The chickpea is amongst the oldest edible items known to humankind. It is said to have originated in the Caucasus or Asia Minor, and, according to food historian KT Achaya, the legume shows up as early as 5,400 BC in Turkey. In The Illustrated Foods of India (1994), Achaya writes that “two kinds of seed types evolved. In India, a small, wrinkled, dark-coloured seed, and, in the Mediterranean, a larger, smooth, light-coloured one.” The historian believes that the kabuli chana is a “very recent introduction into India, perhaps, in the eighth century from the Mediterranean by an overland route”.
In Curry: A Tale of Cooks and Conquerors (2006), historian Lizzie Collingham notes that chickpeas would often be a substitute for lentils in khichdi during medieval times and that Akbar’s favourite minister Abul Fazl mentions chickpea dishes in the 16th century document, Ain-i-Akbari.
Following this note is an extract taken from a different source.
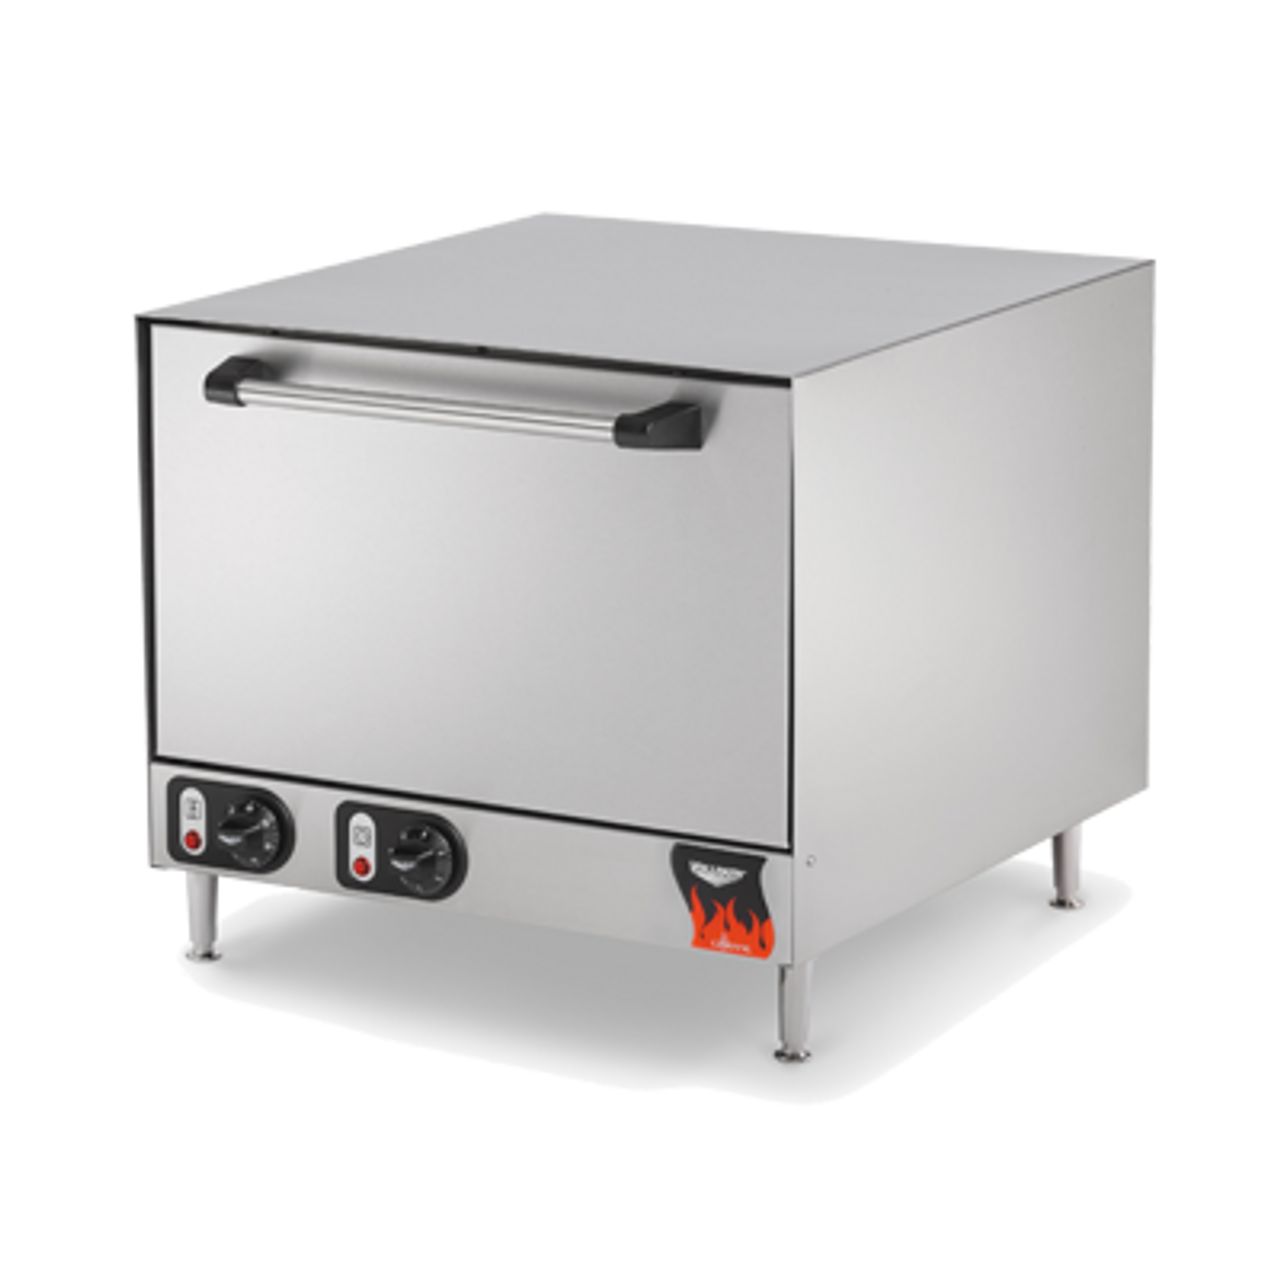 Pizza/Bake Oven, electric, stainless steel exterior & interior, supplied with (2) ceramic bake decks, 15-minute timer function, shelf size 17-1/2", 2-7/8" between shelves, heat setting 140°F-750°F, 208-240v/60/1-ph, 10.1-11.6 amps, 2100-2800W, NEMA 6-15P, OA dimension 25-3/4"W x 23-1/8"D x 21-3/4"H, cooking chamber size 19-3/16"W x 18-1/2"D x 9-7/16"H, model# POA8002, NSF, cUL, imported
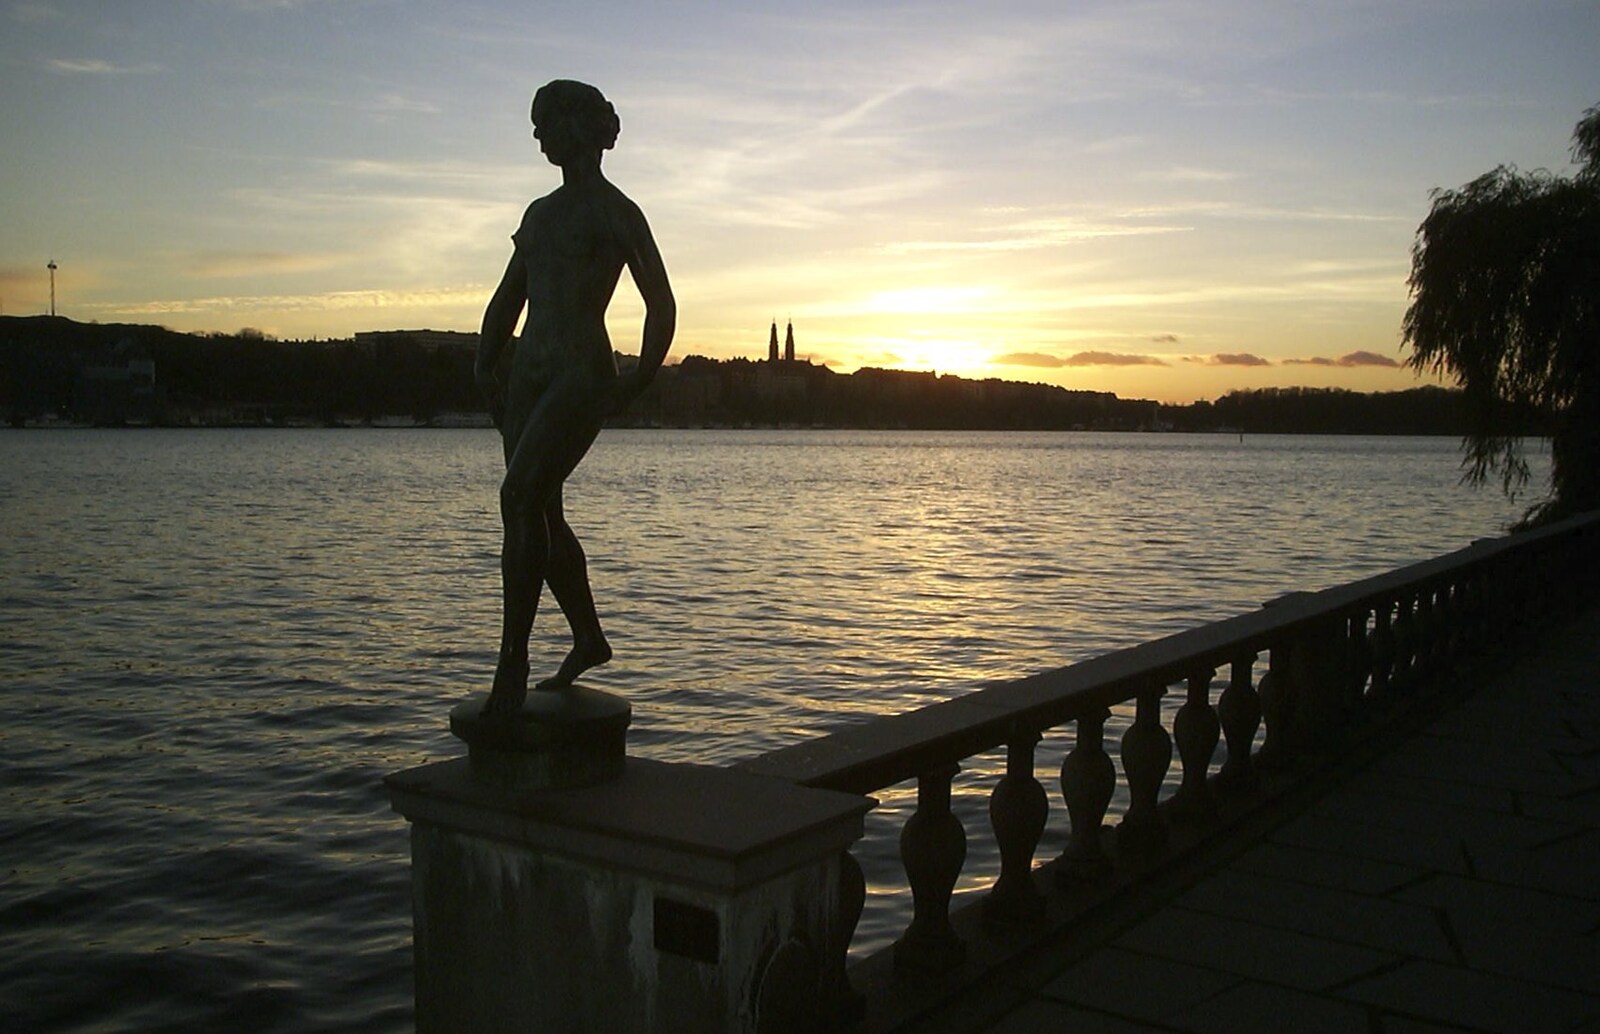 The naked statue in the sunset from A 3G Lab Press Tour of Helsinki and Stockholm, Finland and Sweden - 12th March 2001

She writes that the 17th century French traveller to India, Francois Bernier, described “shops stacked with rice, barley, wheat and chickpeas”.
The chhole bhature, though, seems to have come into its own in Delhi after Partition. My mother often talked of Punjabi refugees bringing the delicacies from their kitchen into the city’s street food culture. “We would keep a lookout for pushcarts with a rudimentary kerosene stove and aluminum containers that smelt of robust masalas,” she said. Several of these itinerant chhole bhature sellers now operate acclaimed fixtures in the city’s street food scene.
None of the halwai shops in my neighbourhood can claim such an illustrious lineage. Yet, every other day, they threaten my resolve. Such is the charm of chhole bhature.